Now Whole Foods has become an unexpected ‘exhibit A” to my argument. They tell us of their commitment to organic agriculture and local produce, while making it difficult to discover how little they walk their talk.
Whole
Foods has been a subject of much debate on this blog, and as evidence of John
Mackey’s personal commitment to healthy eating piled up, I softened my view
that the chain should only be patronized when there are no reasonable organic
food outlets or local food outlets near by. But that was with the assumption that the company was likely
to be honorable until John Mackey retired.
I
may have been won over to my qualified acceptance much too quickly. Listen to the video from ABC and decide for yourself. As for me, I am doubly committed to NEVER buying their store brand. It has shown itself to be deliberately misleading, or worse, and competes against the very same local agriculture the company tries to take credit for supporting.



posted February 23, 2010 at 7:06 pm
So much for Whole Foods supporting locally grown and certified organic products.

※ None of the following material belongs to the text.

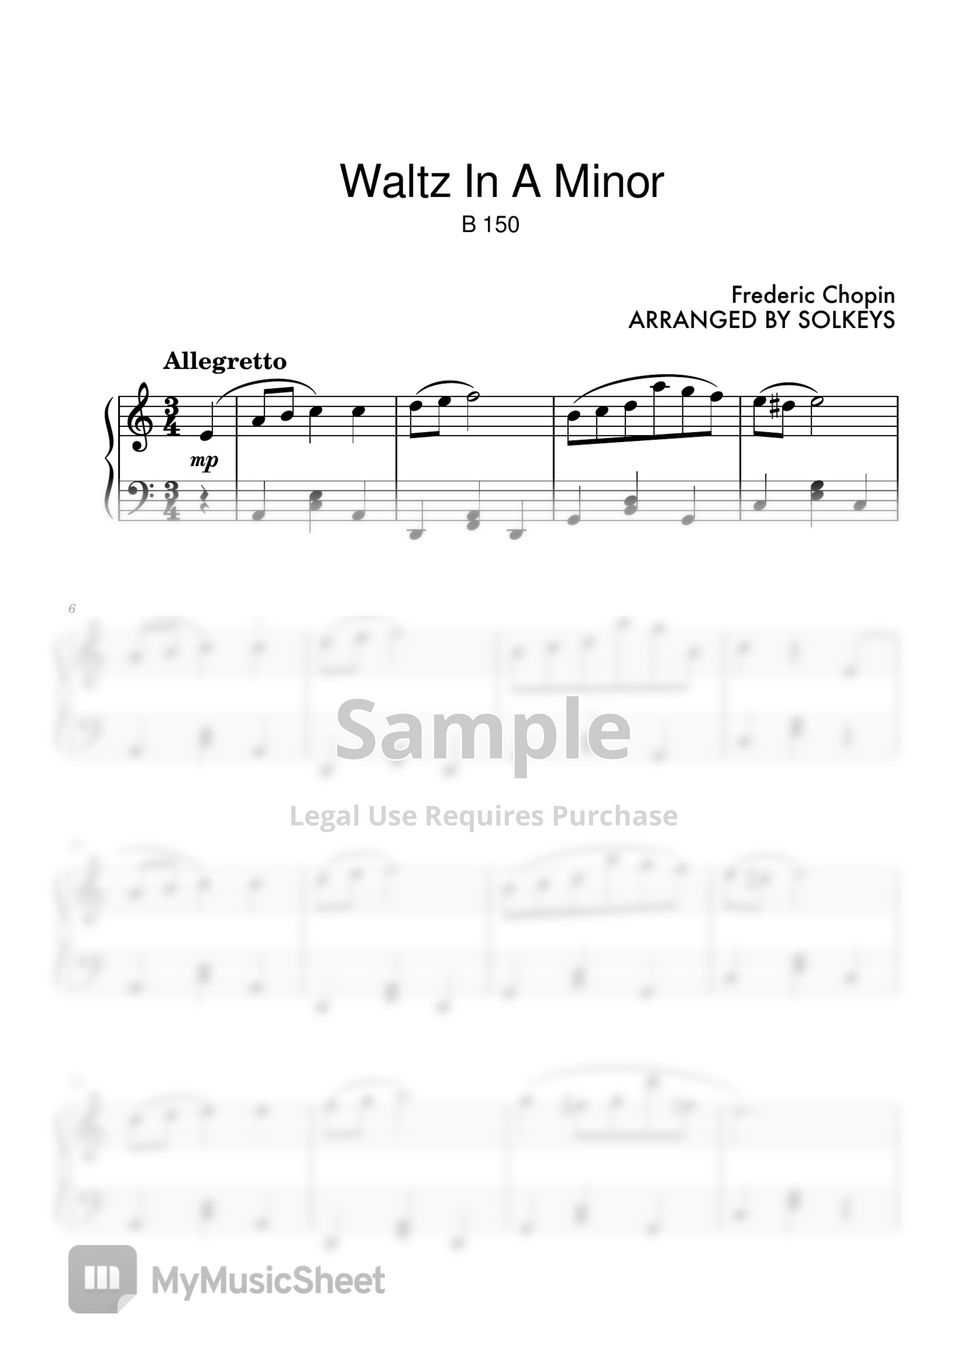 Frederic Chopin - Waltz in A minor, B. 150, Op. Posth. by SolKeys
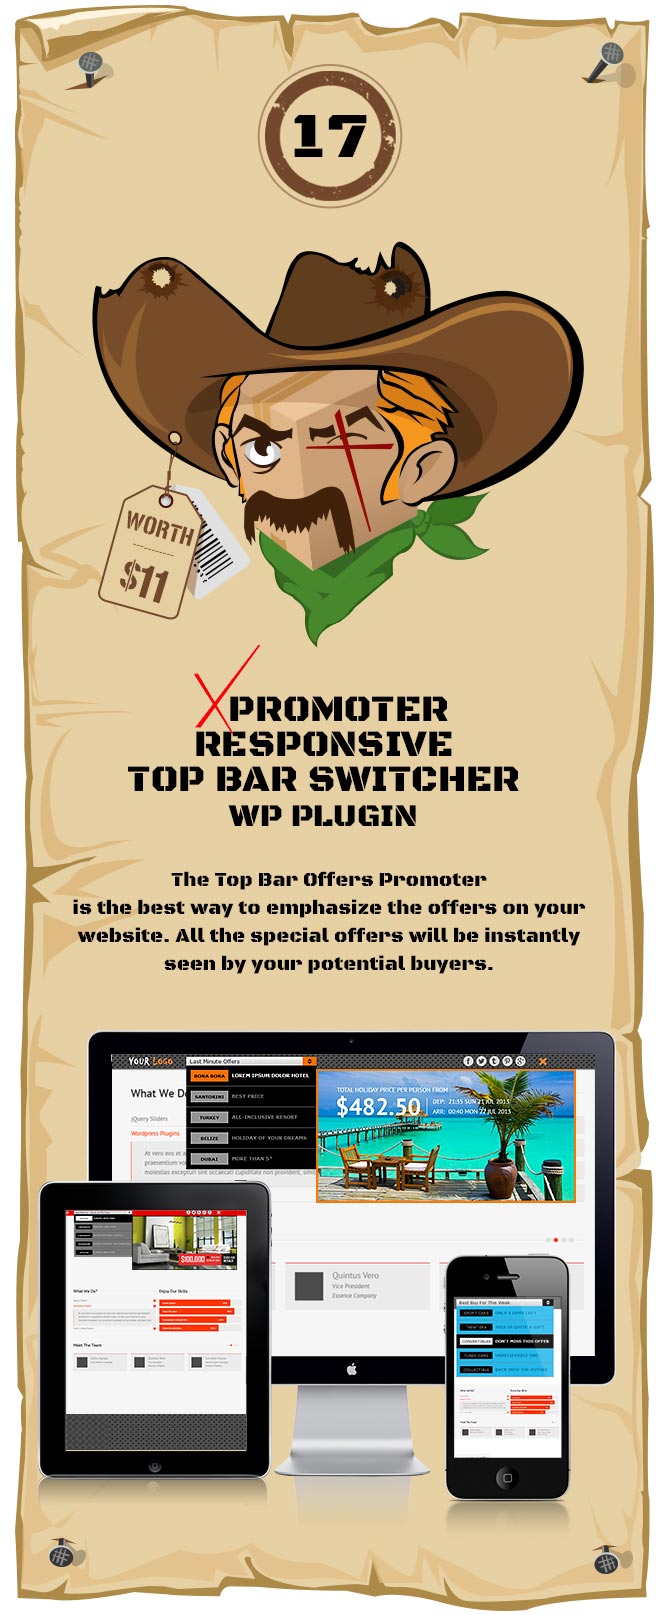 xPromoter - Top Bar Switcher Responsive WordPress Plugin

To view the list “Country of Origin – Whole Food Market Internal Document – Do Not Distribute”, go here:
http://www.acc-tv.com/images/wjla/news/iteamwholefoodslist052108.pdf
You’ll see items like basil from Egypt, chives from China and parsley from the Czech Republic! I grow those – and more – in the herb garden in my backyard for crying out loud!
It’s sickening. And yet, people will continue to shop there. Maybe everyone’s so jaded to hypocrisy it fails to make an impact anymore.
posted February 23, 2010 at 9:32 pm
i believe that people shop at the local Whole Foods because there is some type of mind control being practiced there in the lighting and the music that makes people feel happy and included. I am not kidding and I stay out of that store and stick to the quiet old fashioned “health food” store very close to where I live in other words within walking distance. No spinning lights, no spinning music just old fashioned produce and bread and bulk items. No fancy $5 breads or $12 brownies just the “health foods” we have grown to trust.
Years ago I rented a room to a young man who worked there and he said “well, Whole Foods is all military/industrial money no different really than Safeway or Macy’s.
Anyway I really do think there is something hincky with that concern/.
posted February 24, 2010 at 5:31 am
The more I read about the food industry, the more convinced I am that the second I move out of my parents’ home, I need to start an organic vegetable garden. Not just for me, but for the sake of my future kids.
posted February 24, 2010 at 10:12 am
Hi, Libba Letton from Whole Foods Market here. I’m not sure why, but this WJLA story, which aired almost two years ago in May 2008, is making the rounds on the internet again. The piece is full of errors and incorrect assumptions, which we address point by point here, on our blog: http://blog.wholefoodsmarket.com/whole-foods-market-responds-to-wjla/.
posted February 24, 2010 at 11:08 am
Libba, unless the “made in China” information on the back of the products is in error, Whole Foods can hardly claim to be supporting locally grown products.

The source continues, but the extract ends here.